Aliquots were collected as plasma passed through the membrane. Each aliquot was assayed to measure prothrombin time (PT) and activated partial thromboplastin time (APTP) using commercially available PT and APTP assay kits (Sigma, St. Louis, Mo.), respectively. The data obtained for the first 20 ml are plotted in FIG. 4: the first few fractions of plasma passed through the membrane had increased PT (Δ) and APTP (∘) values. The PT and APTP values of all subsequent fractions were near normal (T/To≈1).
Retrovirus p30 Capsid Protein ELISA
The concentration of p30 capsid protein was determined by ELISA (Rigg et al., Virology, 218:290-295, 1996). ELISA plates (Fisher Scientific, Agawan, Mass.) were coated with 10 μg/ml mouse anti-p30 antibody (CRL-1912 hybridoma cell line) (ATCC, Rockville, Md.) (100 μl/well) in PBS overnight at 4° C. The next day, the antibody solution was removed and BLOTTO™ Blocker in TBS (Pierce, Rockford, Ill.) was added (150 μl/well) for 2 hours at 37° C. Samples were denatured for 5 minutes at >90° C., added to the ELISA plate (100 μl/well) and incubated for 1 hour at 37° C. The plate was washed and a polyclonal goat anti-p30 antibody (78S221)(Quality Biotech, Camden, N.J.) diluted 1:1000 in BLOTTO™ Blocker in TBS was added and incubated for 1 h at 37° C. The plate was washed and an HRP-conjugated rabbit anti-goat IgG polyclonal antibody (Calbiochem-Novabiochem International, San Diego, Calif.) diluted 1:1000 was added (100 μl/well) and incubated for 1 hour at 37° C. An o-phenylenediamine (“OPD”) pill (Sigma) (10 mg) was dissolved in substrate buffer (25 ml) at room temperature with 10 μl of 30% H2O2 added. The OPD solution was added (100 μl/well) and after 5 minutes the reaction was stopped with 8N H2SO4 (50 μl/well). Optical density at 490 nm (“OD490”) was measured and nonspecific background at 650 nm subtracted. Data corresponding to each point in FIGS. 1B, 1C, 2D, and 3 are the average over at least three iterations of the experiment.

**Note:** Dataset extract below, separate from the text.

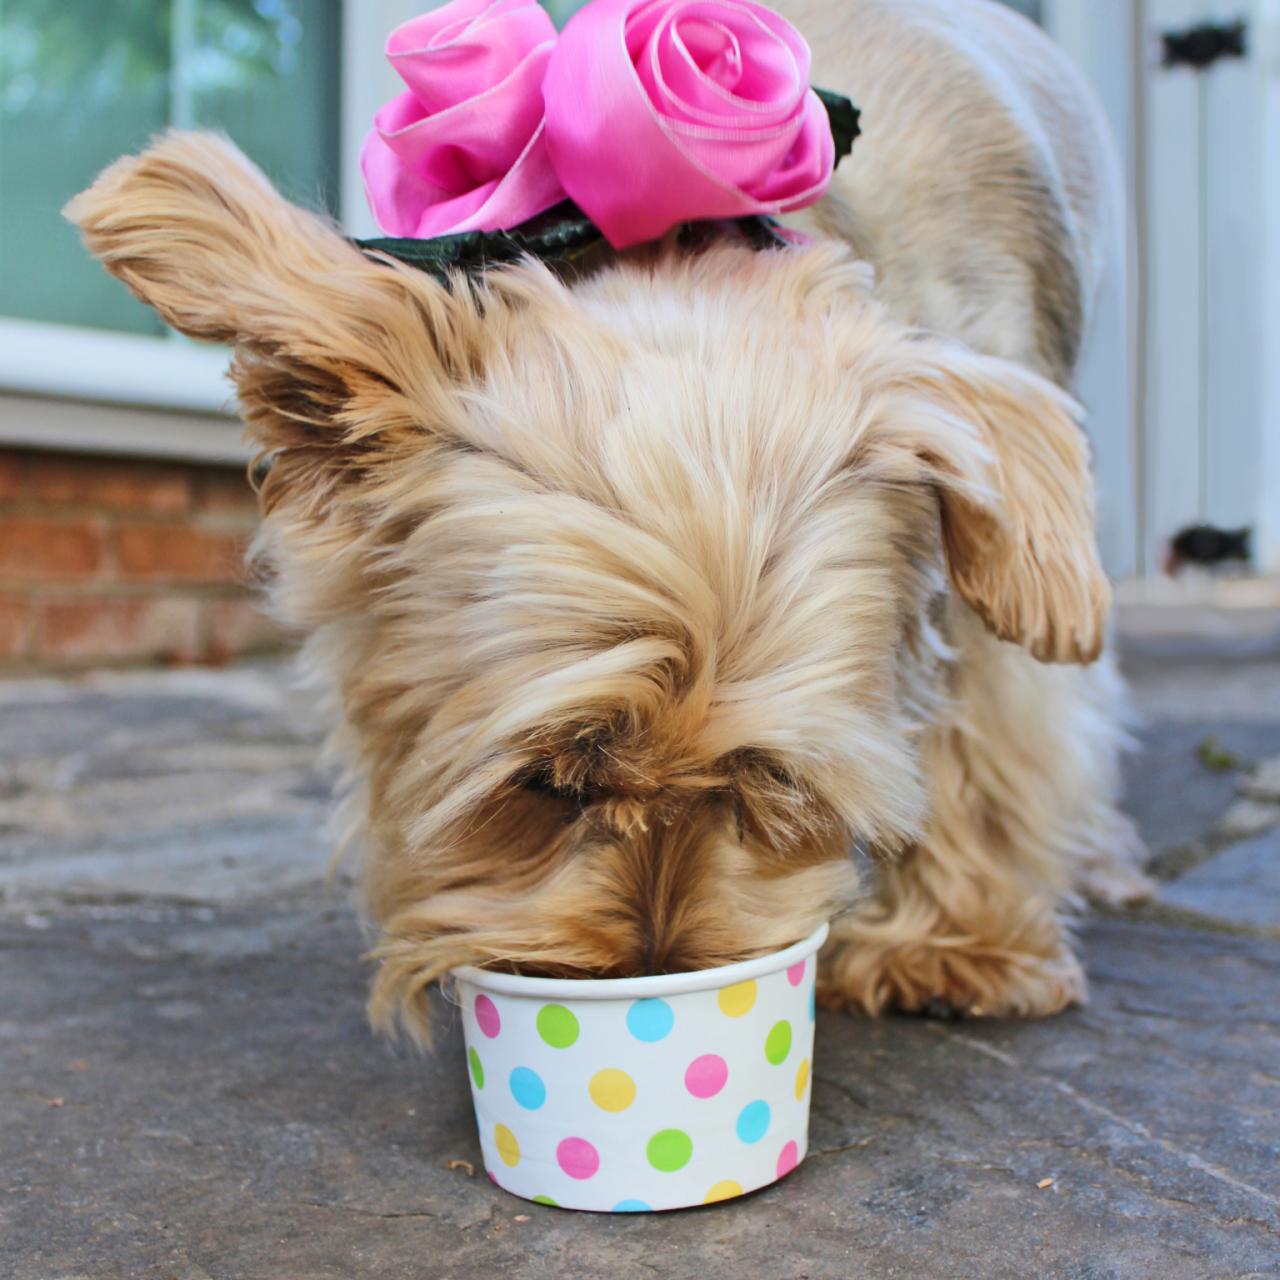 Peanut Butter Ice Cream for Dogs, HGTV Design Blog – Design Happens

It is to be understood that while the invention has been described in conjunction with the detailed description thereof, the foregoing description is intended to illustrate and not limit the scope of the invention, which is defined by the scope of the appended claims. Other aspects, advantages, and modifications are within the scope of the following claims.